|Microsurgery: Transplantation and Replantation by Harry J. Buncke, MD, et al.|
|The advent of free bone flaps (often inappropriately called vascularized bone grafts) has led to the successful replacement of extensive areas of bone loss in the upper and lower extremities.1-18 Unlike conventional bone grafts, microvascular free bone flaps have an intact circulation and heal without the process of necrosis and regeneration. Not only is healing faster and without bone absorption or atrophy, but because the bone is vascularized, 19-25 a fibular free flap can be used to bridge long gaps (up to 22 cm), can heal in the hostile environment of a scarred bed, and is more resistant to infection.26-28.
In 1975, Taylor29 successfully used a free fibular flap to treat an open fracture of the tibia and fibula. Later,30 he used the flap to reconstruct a traumatic defect of the femur. Gilbert,31 Chung-Wei,32 Tamai,33 and others34-39 refined Taylor's technique and considerably reduced the operating time for the fibular flap.
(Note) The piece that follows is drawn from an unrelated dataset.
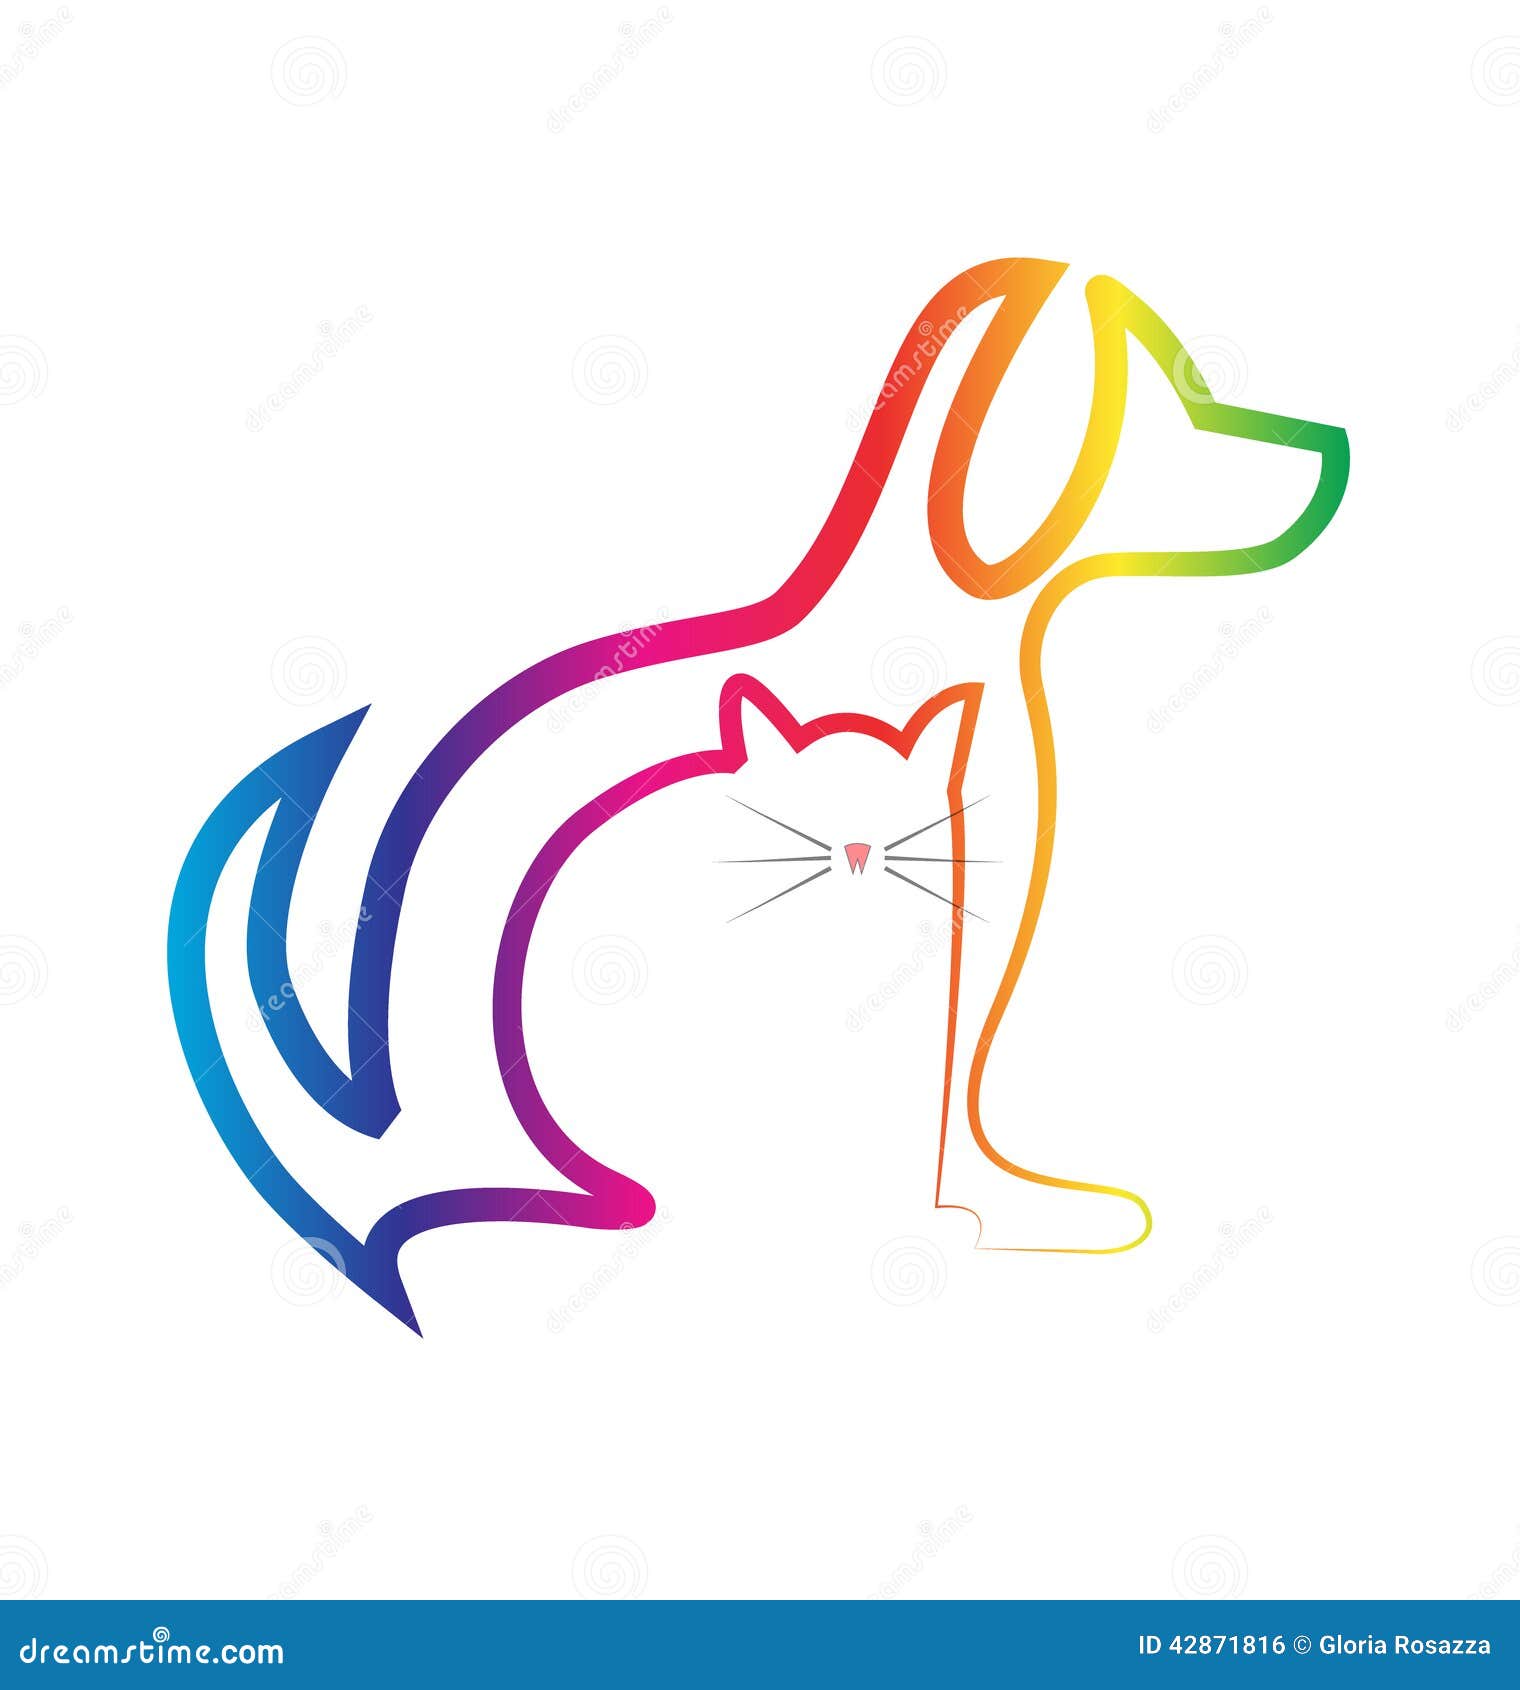 free veterinary logo clipart - photo #39
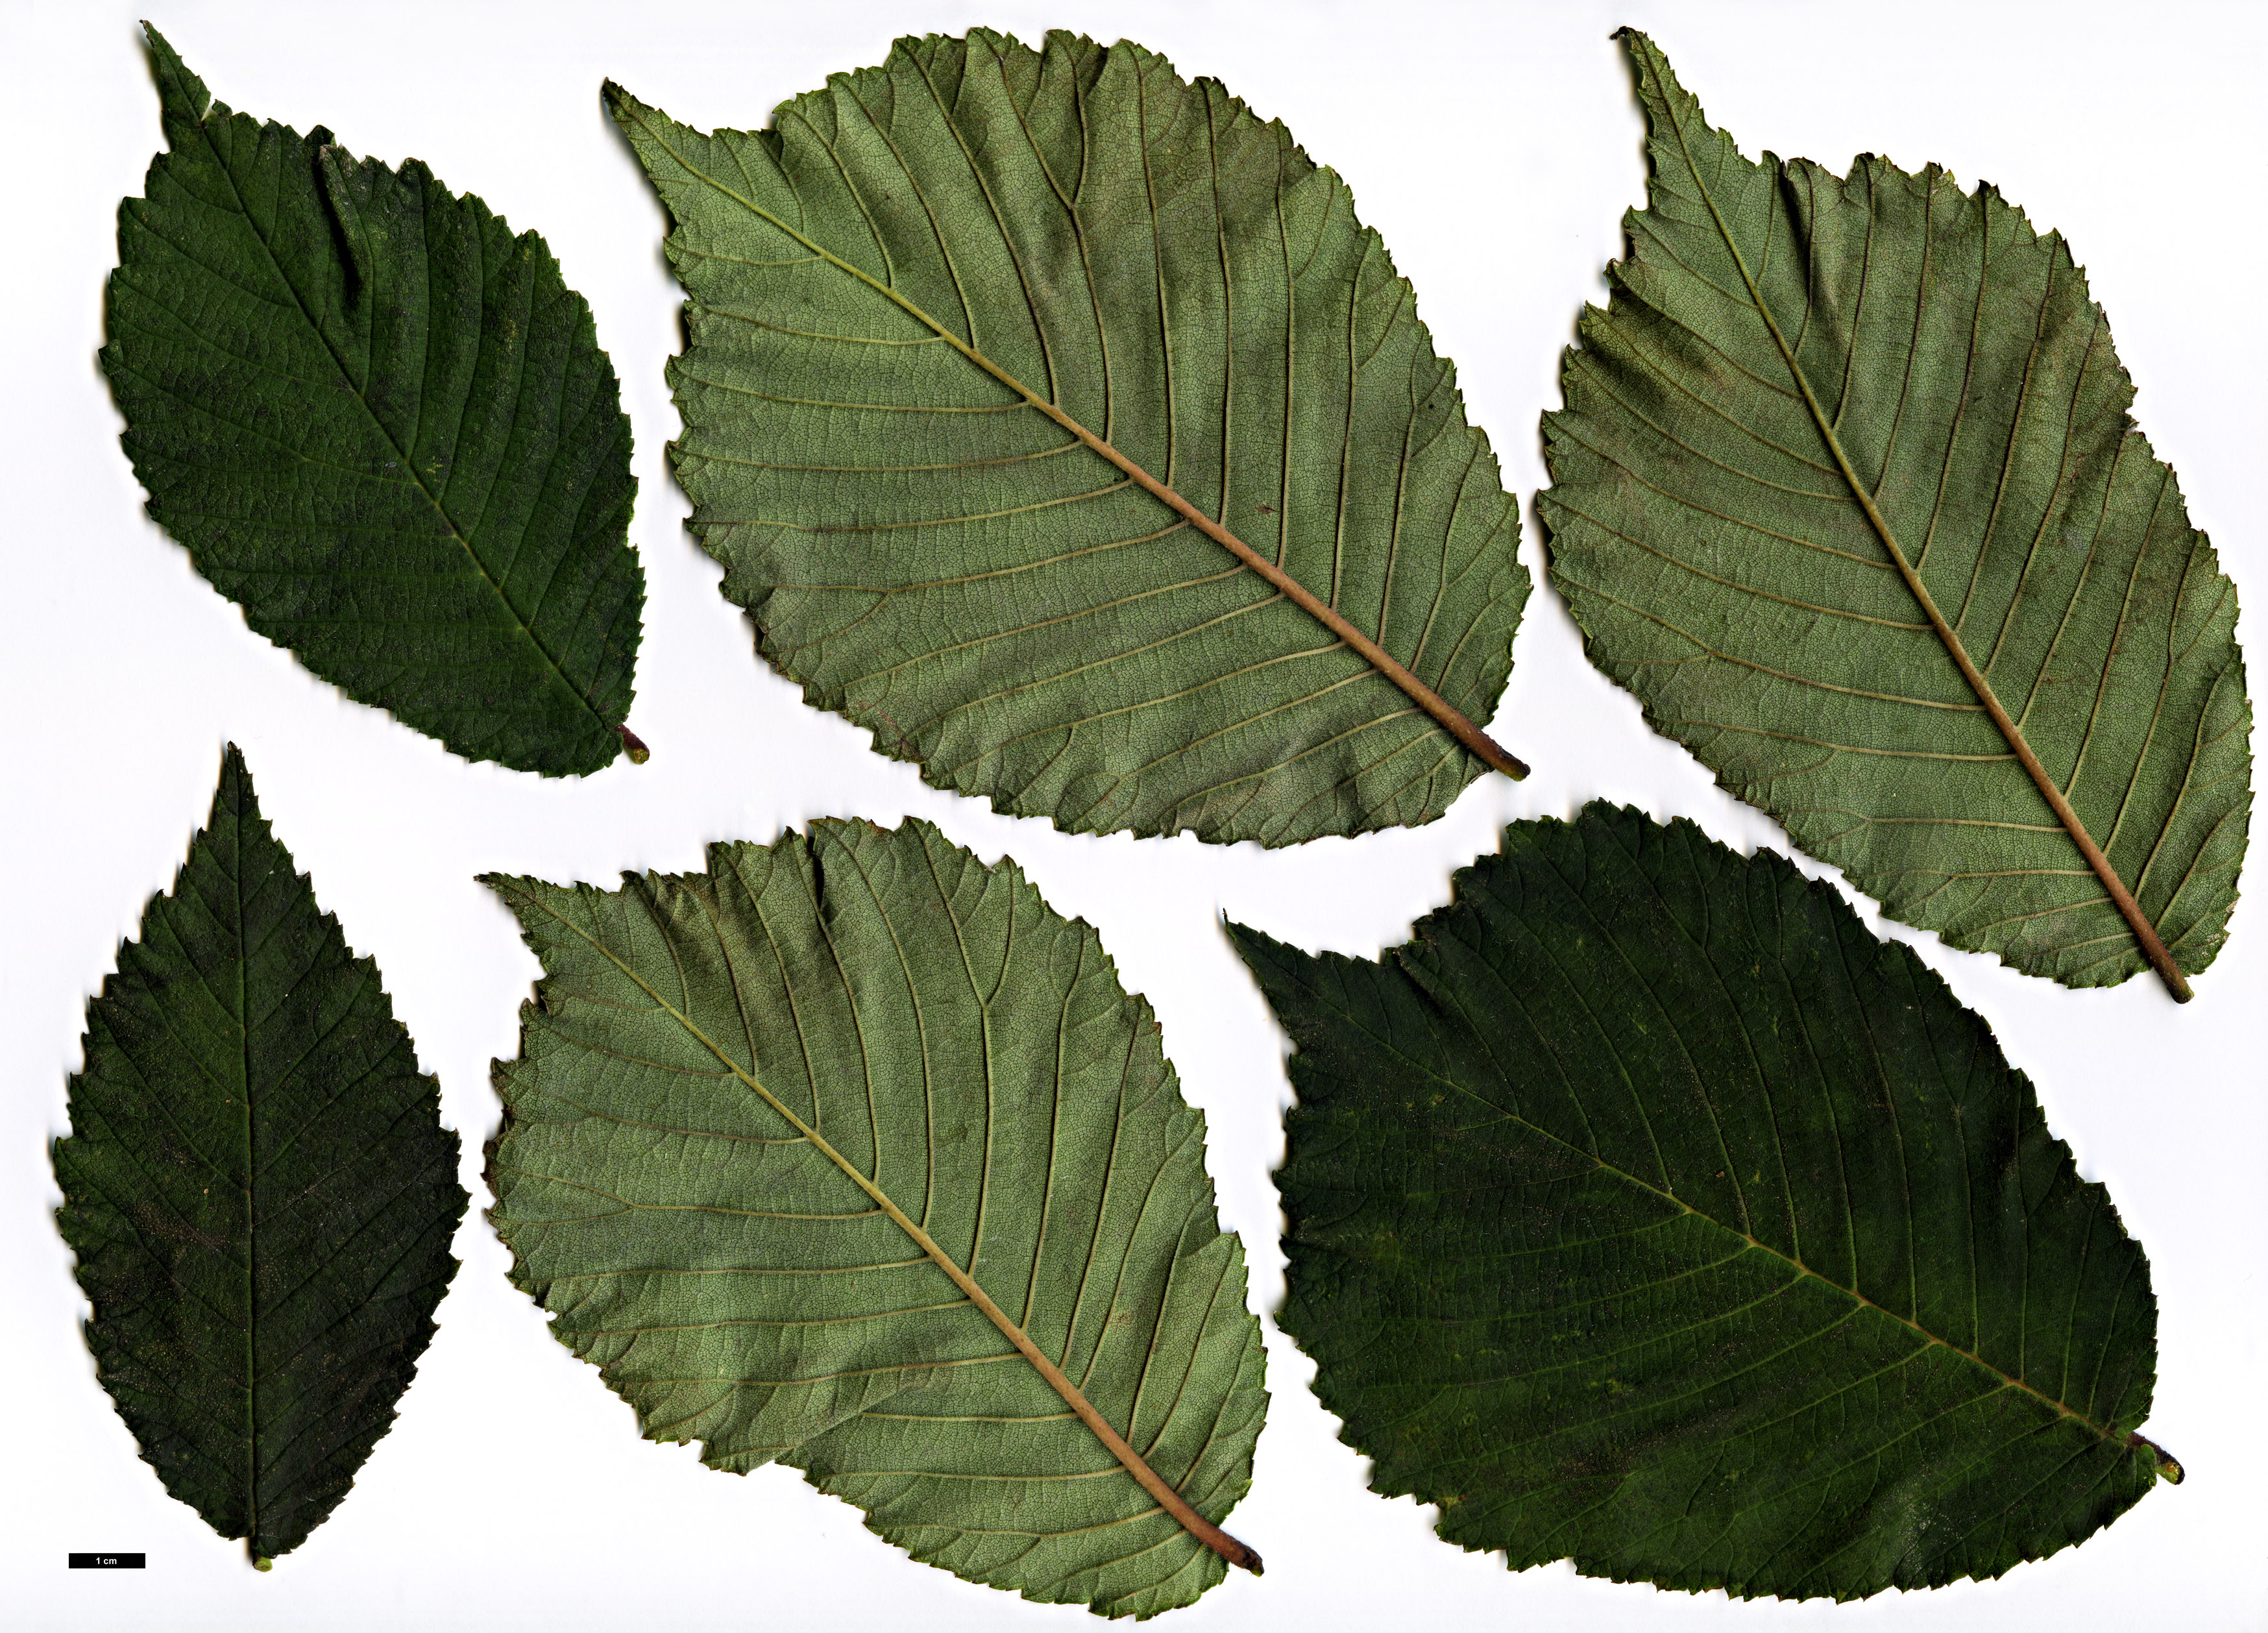 High resolution image: Family: Ulmaceae - Genus: Ulmus - Taxon: laciniata - SpeciesSub: var. nikkoensis

Buncke40 and others41-46 used vascularized free rib to repair mandibular and tibial defects. In 1978, Taylor and Watson47 described the use of an osteocutaneous flap based on the deep circumflex iliac artery. This flap48-51 provides both cancellous and cortical bone with a skin flap, but the curvature of the crest requires an osteotomy to straighten it, and this may compromise the vascularity of the distal segment. The skin paddle is not always reliable, and we have often had to do an "internal shunt" from the deep circumflex iliac artery (DCIA) to the superficial circumflex iliac artery (SCIA) to augment the vascularity of the cutaneous portion of the combined flaps. (See Chapter 15.)
The fibular flap has the following advantages:
1. It is a straight, tubular, compact bone, suitable for early weight bearing.
2. It provides enough bone to bridge gaps up to 22 cm or may be osteotomized to provide two struts of bone on a singular vascular pedicle.
3. The pedicle (peroneal) vessels are relatively large and easy to anastomose.
4. The flap may be raised as an osseous-only, myo-osseous, osteocutaneous, or myo- osteocutaneous flap.
5. The flap is easy to raise.
6. There is minimal donor site morbidity; the donor site can be closed primarily and has a very acceptable cosmetic result.
7. The skin paddle of the compound flap is easily monitored (the osseous-only flap can be difficult).